Thus, this embodiment can also obtain the effects (1) to (3), as in the first embodiment.
In addition, you may change the said embodiment as follows.

In the primary coil block 5 of the first embodiment, the central axis Cx of the primary coil L1 having a square coil cross section is biased in the diagonal direction of the coil cross section.
As shown in FIG. 25, this is a primary coil L1 having a square coil cross section, and the deviation direction of the central axis Cx of the primary coil L1 is set to the intermediate position of one side formed by the coil cross section. It may be applied to the primary coil block 5 formed by being biased in the orthogonal direction. In this case, the primary coil blocks 5 need to be provided in a line in the direction of bias.

  In the above embodiment, the twelve power supply areas AR1 are formed on the placement surface 3 of the power supply apparatus 1, but the present invention is not limited to this, and is applied to the power supply apparatus 1 including two or more power supply areas AR1. May be.

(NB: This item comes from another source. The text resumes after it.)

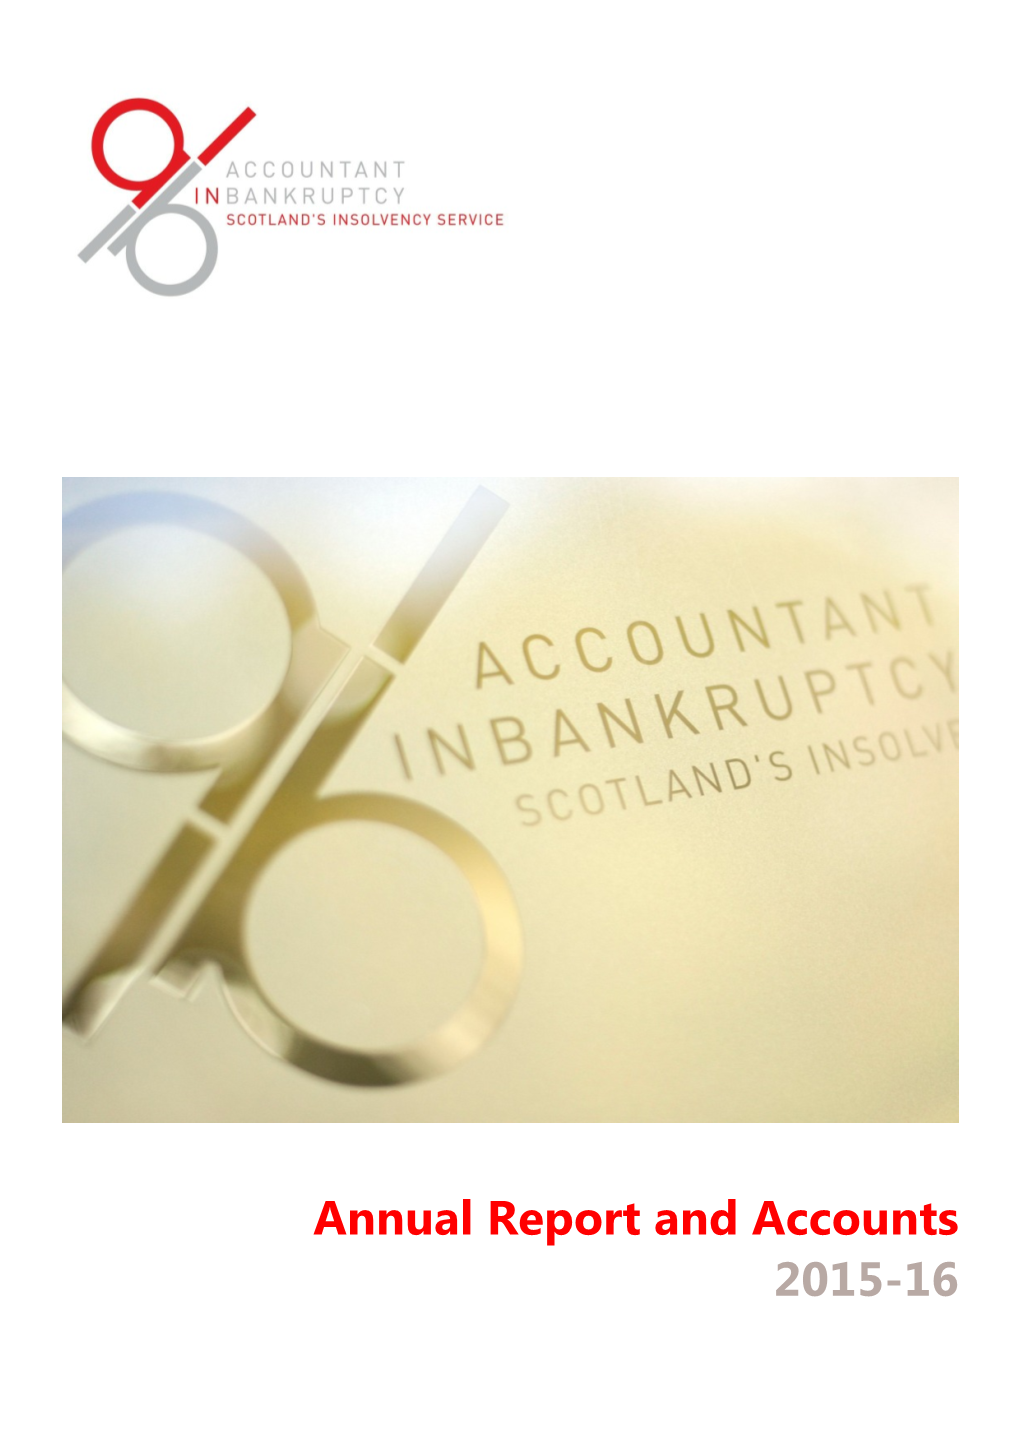 Accountant in Bankruptcy (Aib) Annual Report and Accounts 2015-16
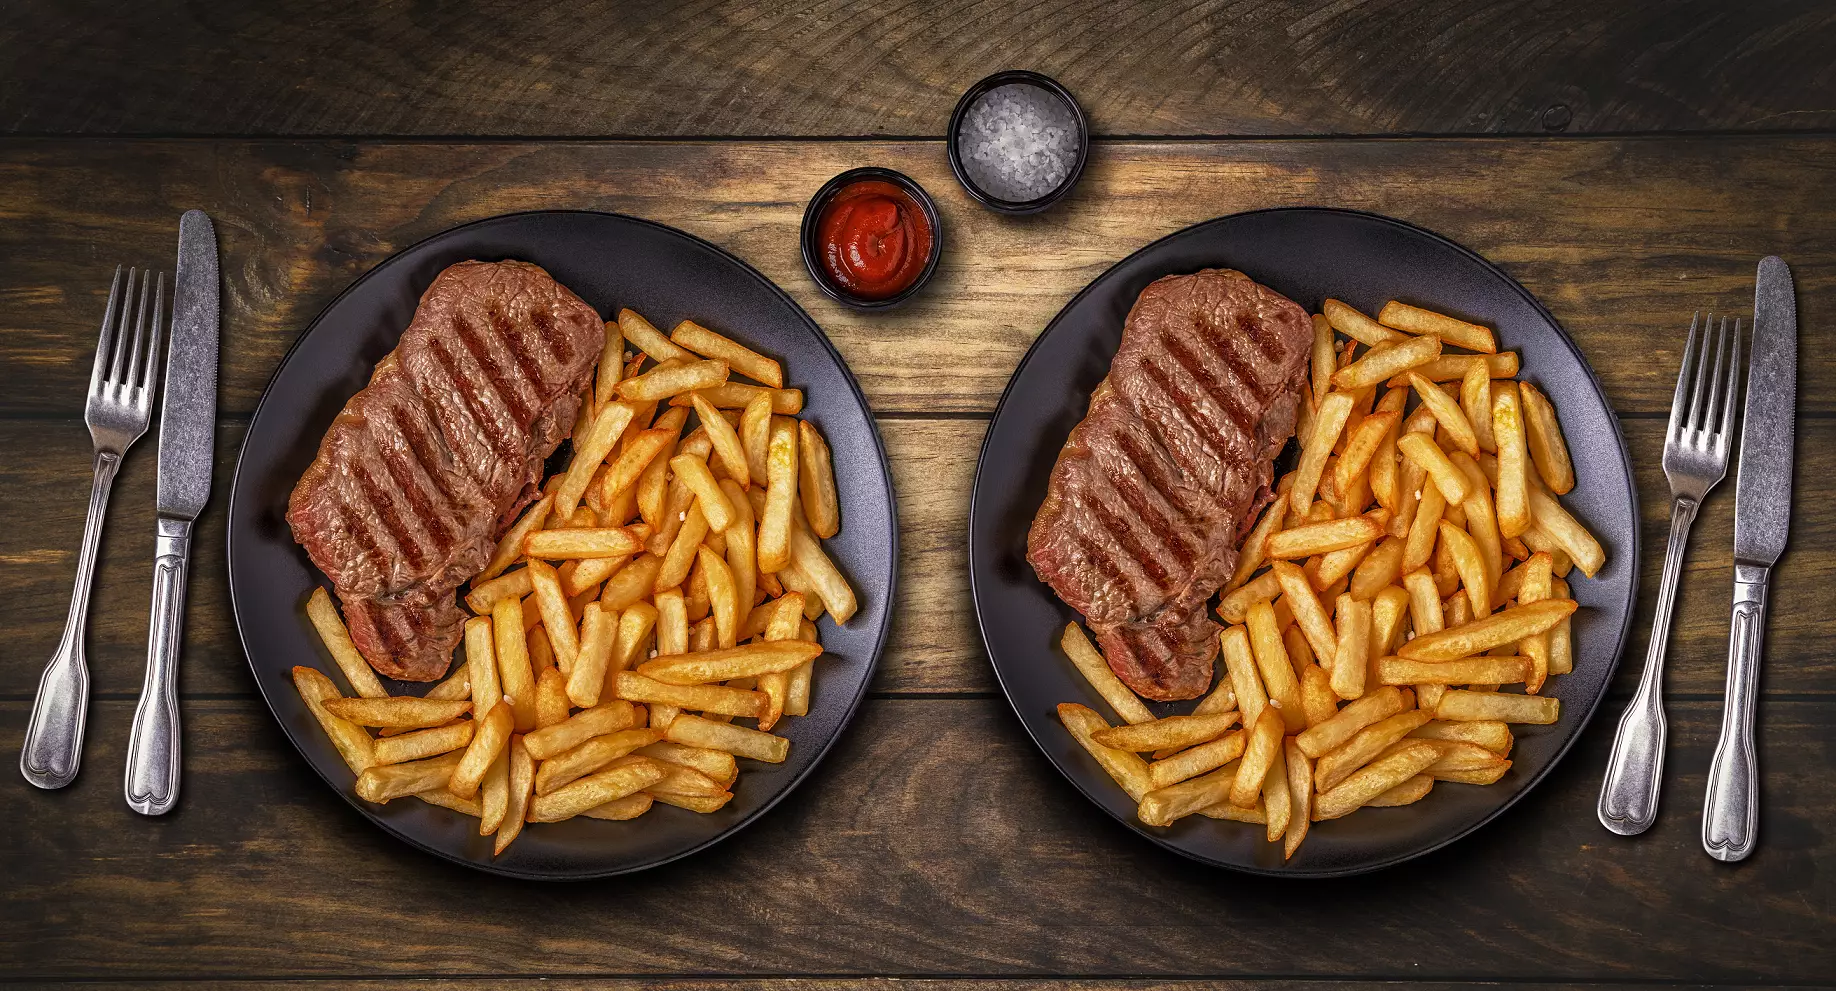 Morrisons is selling two ribeye steaks and chips for £5 - but the offer ends on Sunday.

  In the third embodiment, the first primary coil block 5a has a regular octagonal truncated pyramid shape and the second primary coil block 5b has a regular reverse octagonal truncated pyramid shape. This is a first primary coil block having a regular polygonal frustum shape (forward / reverse polygonal frustum shape) such as a regular triangular frustum shape (forward / reverse triangular frustum shape) or a regular hexagonal frustum shape (forward / reverse hexagonal frustum shape). You may apply to (2nd primary coil block).

  Of course, the first primary coil block (second primary coil block) having a regular polygonal frustum shape (forward and reverse polygonal frustum shape) has a first primary shape having a truncated cone shape (reverse frustoconical shape). A coil block (second primary coil block) is included.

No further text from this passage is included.